Kayıp çocukları arama çalışmasına katıldık.

birlikte çalışmak

(cooperate)

(fiil: Varlıkların ve kavramların (isimlerin) yapmış oldukları hareketleri, içinde bulundukları durumları, etkilendikleri işleri ifade eder.)
Business leaders have joined with the government to fight poverty.

bağlantı yeri

noun (place where things are attached)

(isim: Canlı cansız bütün varlıkları ve kavramları ifade eder.)
The join is where two pieces are connected.

birleşmek

intransitive verb (be united)

(geçişsiz fiil: Fiil bir nesne olmadan gerçekleşiyor ve sadece öznenin üstünde kalıyorsa bu geçişsiz fiildir (örnek: "çocuk konuşuyor").)
These two pieces join.

birleştirmek

transitive verb (UK (unite)

(geçişli fiil: Fiillin belirttiği hareket ya da olay nesne üzerinde gerçekleşiyorsa yani bir nesneyi etkiliyorsa bu geçişli fiildir (örnek: "çocuk yemeğini yedi").)
The priest joined the hands of the bride and groom.

katılmak, iştirak etmek

transitive verb (take part in: an activity) (faaliyete, vb.)

(fiil: Varlıkların ve kavramların (isimlerin) yapmış oldukları hareketleri, içinde bulundukları durumları, etkilendikleri işleri ifade eder.)
To join our campaign, please sign up at our website.

katılmak

phrasal verb, intransitive (participate)

(fiil: Varlıkların ve kavramların (isimlerin) yapmış oldukları hareketleri, içinde bulundukları durumları, etkilendikleri işleri ifade eder.)
Don't worry if the discussion has already begun, you may still join in whenever you wish.

katılmak

phrasal verb, transitive, inseparable (participate in)

(fiil: Varlıkların ve kavramların (isimlerin) yapmış oldukları hareketleri, içinde bulundukları durumları, etkilendikleri işleri ifade eder.)
We should ask the other students to join in our activities.

bağlamak

phrasal verb, transitive, separable (connect)

(fiil: Varlıkların ve kavramların (isimlerin) yapmış oldukları hareketleri, içinde bulundukları durumları, etkilendikleri işleri ifade eder.)

kaydolmak

phrasal verb, intransitive (enrol, register)

(fiil: Varlıkların ve kavramların (isimlerin) yapmış oldukları hareketleri, içinde bulundukları durumları, etkilendikleri işleri ifade eder.)
The gym is offering a special to get new clients to join up.

güçlerini birleştirmek

(unite for a common purpose)

(fiil: Varlıkların ve kavramların (isimlerin) yapmış oldukları hareketleri, içinde bulundukları durumları, etkilendikleri işleri ifade eder.)
All the countries of the world need to join forces to combat global warming.
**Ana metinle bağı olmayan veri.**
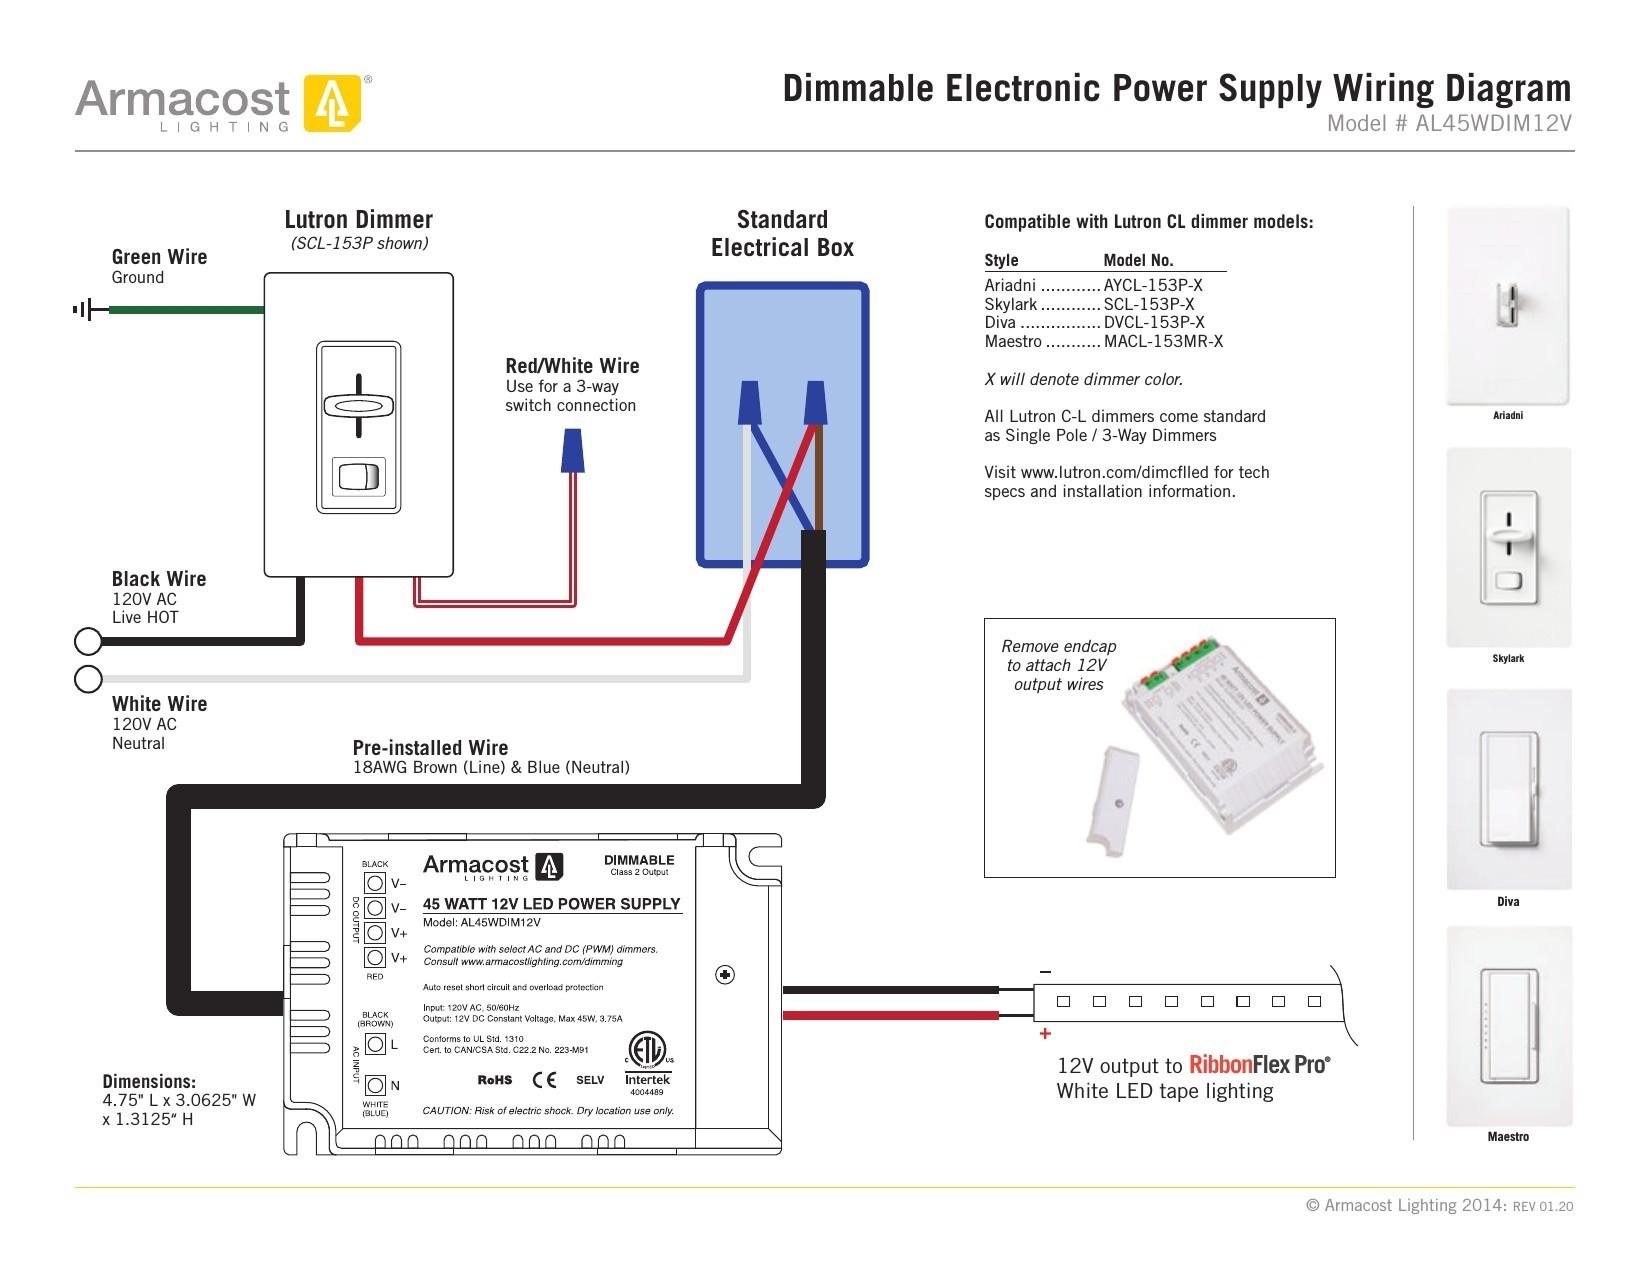 2 way dimmer wiring diagram chrysler 4 belt lutron maestro 3 free

Jackson suggested that we join forces to encourage some of the younger students in the club to speak up during the meetings.

bize katılın

interjection (register with our organization)
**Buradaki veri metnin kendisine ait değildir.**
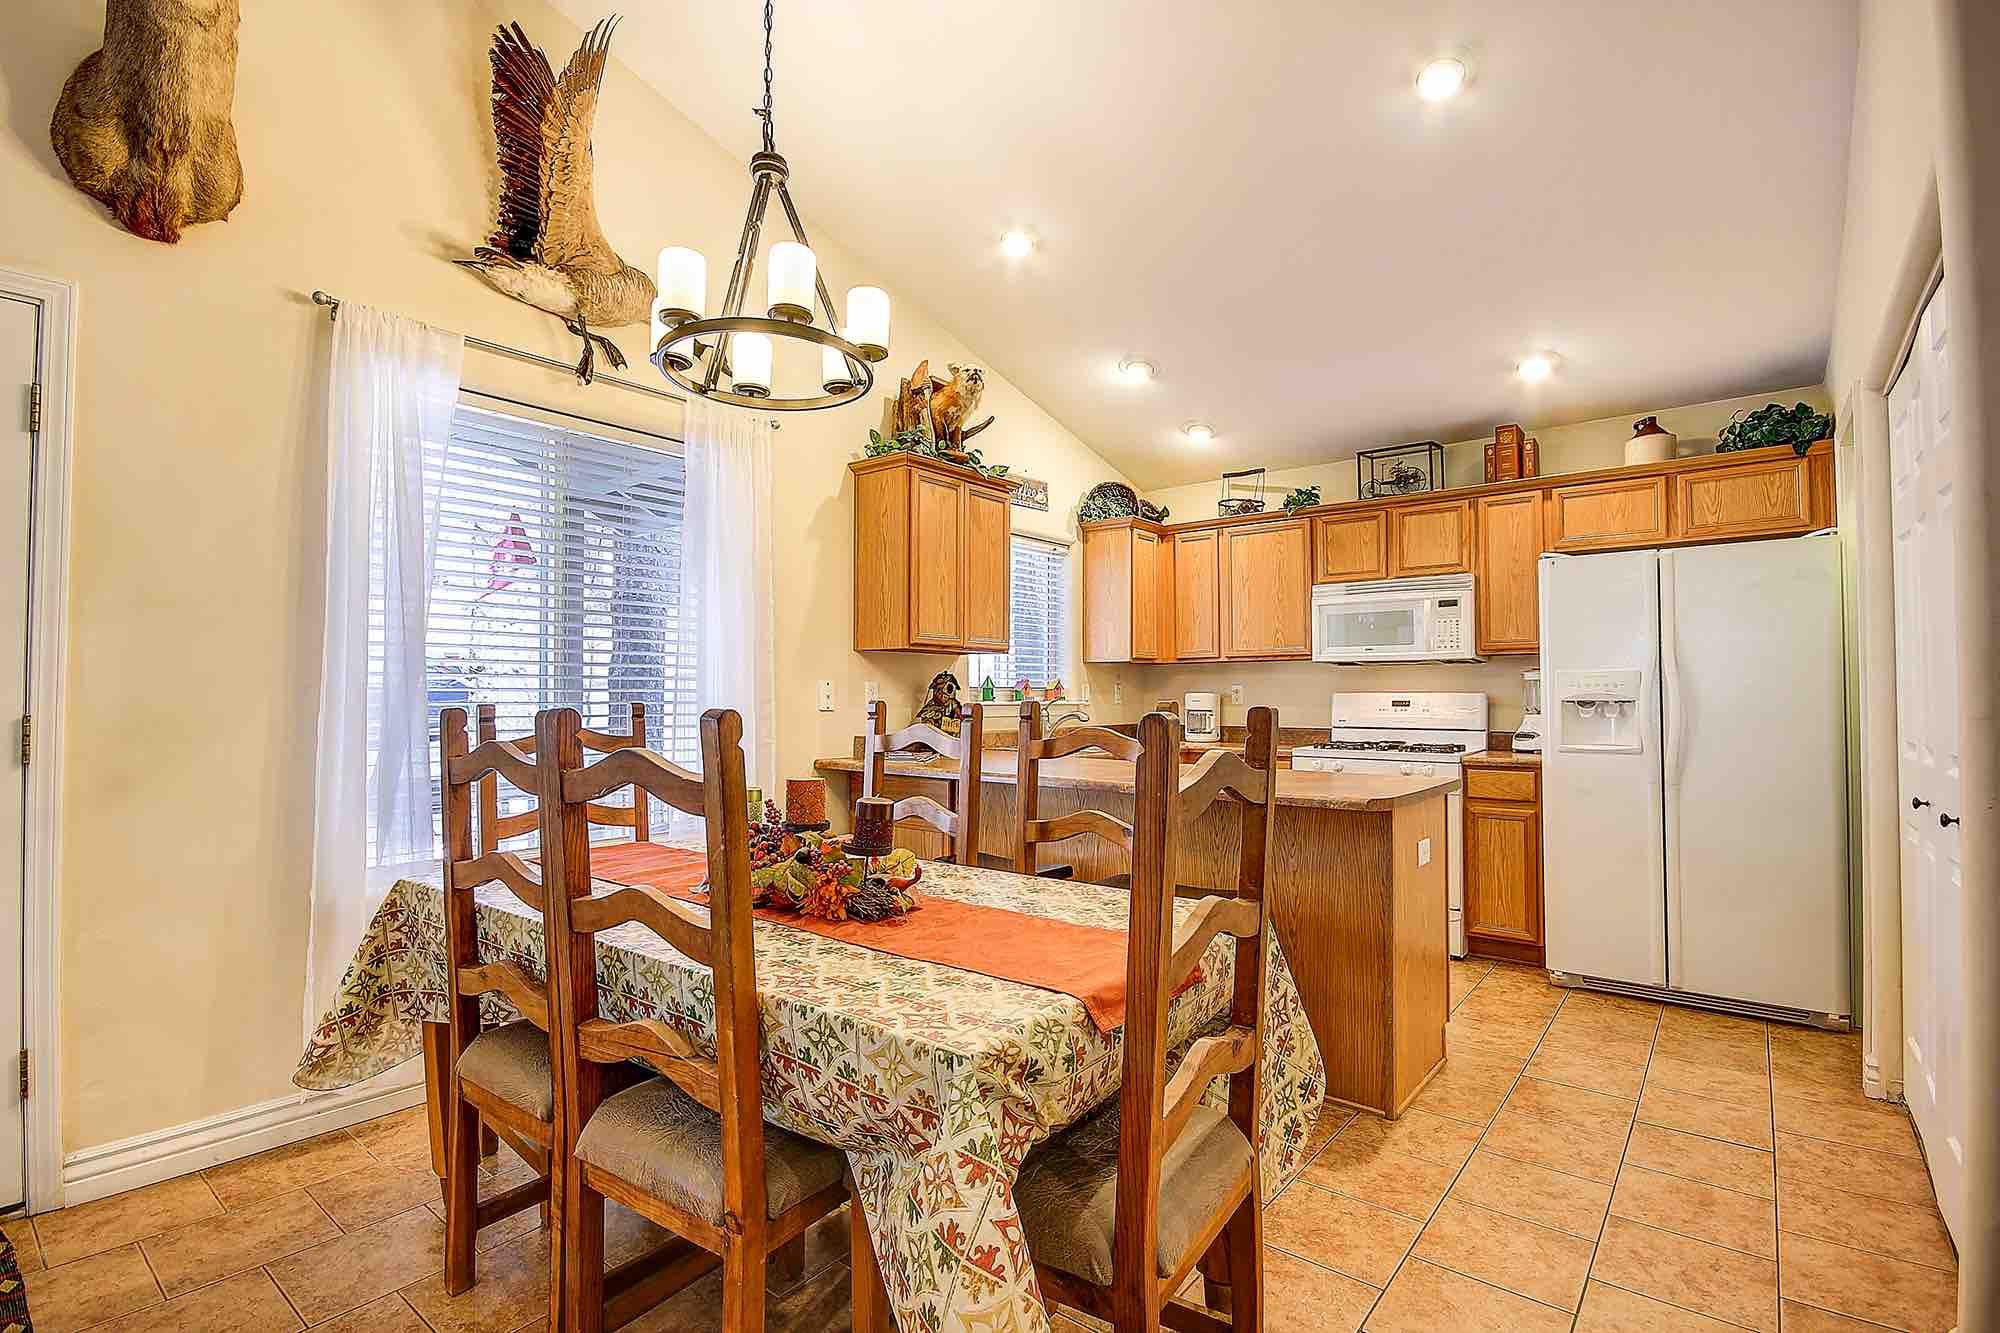 tourism cabins blog phantom in arizona ranch forest rentals cabin a rent service flagstaff

(ünlem: Üzüntü, sevinç, korku, kızgınlık, şaşkınlık gibi duyguları belirtir veya bir kimseyi çağırmak için kullanılır.)
Please join us, and help put an end to hunger in our time.

İngilizce öğrenelim

Artık join'ün İngilizce içindeki anlamı hakkında daha fazla bilgi sahibi olduğunuza göre, seçilen örnekler aracılığıyla bunların nasıl kullanılacağını ve nasıl yapılacağını öğrenebilirsiniz. onları okuyun. Ve önerdiğimiz ilgili kelimeleri öğrenmeyi unutmayın. Web sitemiz sürekli olarak yeni kelimeler ve yeni örneklerle güncellenmektedir, böylece bilmediğiniz diğer kelimelerin anlamlarını İngilizce içinde arayabilirsiniz.

join ile ilgili kelimeler

İngilizce hakkında bilginiz var mı

İngilizce, İngiltere'ye göç eden ve 1400 yılı aşkın bir süre içinde gelişen Germen kabilelerinden gelmektedir. İngilizce, Çince ve İspanyolca'dan sonra dünyada en çok konuşulan üçüncü dildir. En çok öğrenilen ikinci dildir. ve yaklaşık 60 egemen ülkenin resmi dilidir.Bu dil, ikinci ve yabancı dil olarak anadili konuşanlardan daha fazla sayıda konuşmacıya sahiptir.İngilizce aynı zamanda Birleşmiş Milletler, Avrupa Birliği ve diğer birçok uluslararası kuruluşun ortak resmi dilidir. ve bölgesel organizasyonlar. Günümüzde dünyanın her yerindeki İngilizce konuşanlar nispeten kolaylıkla iletişim kurabiliyor.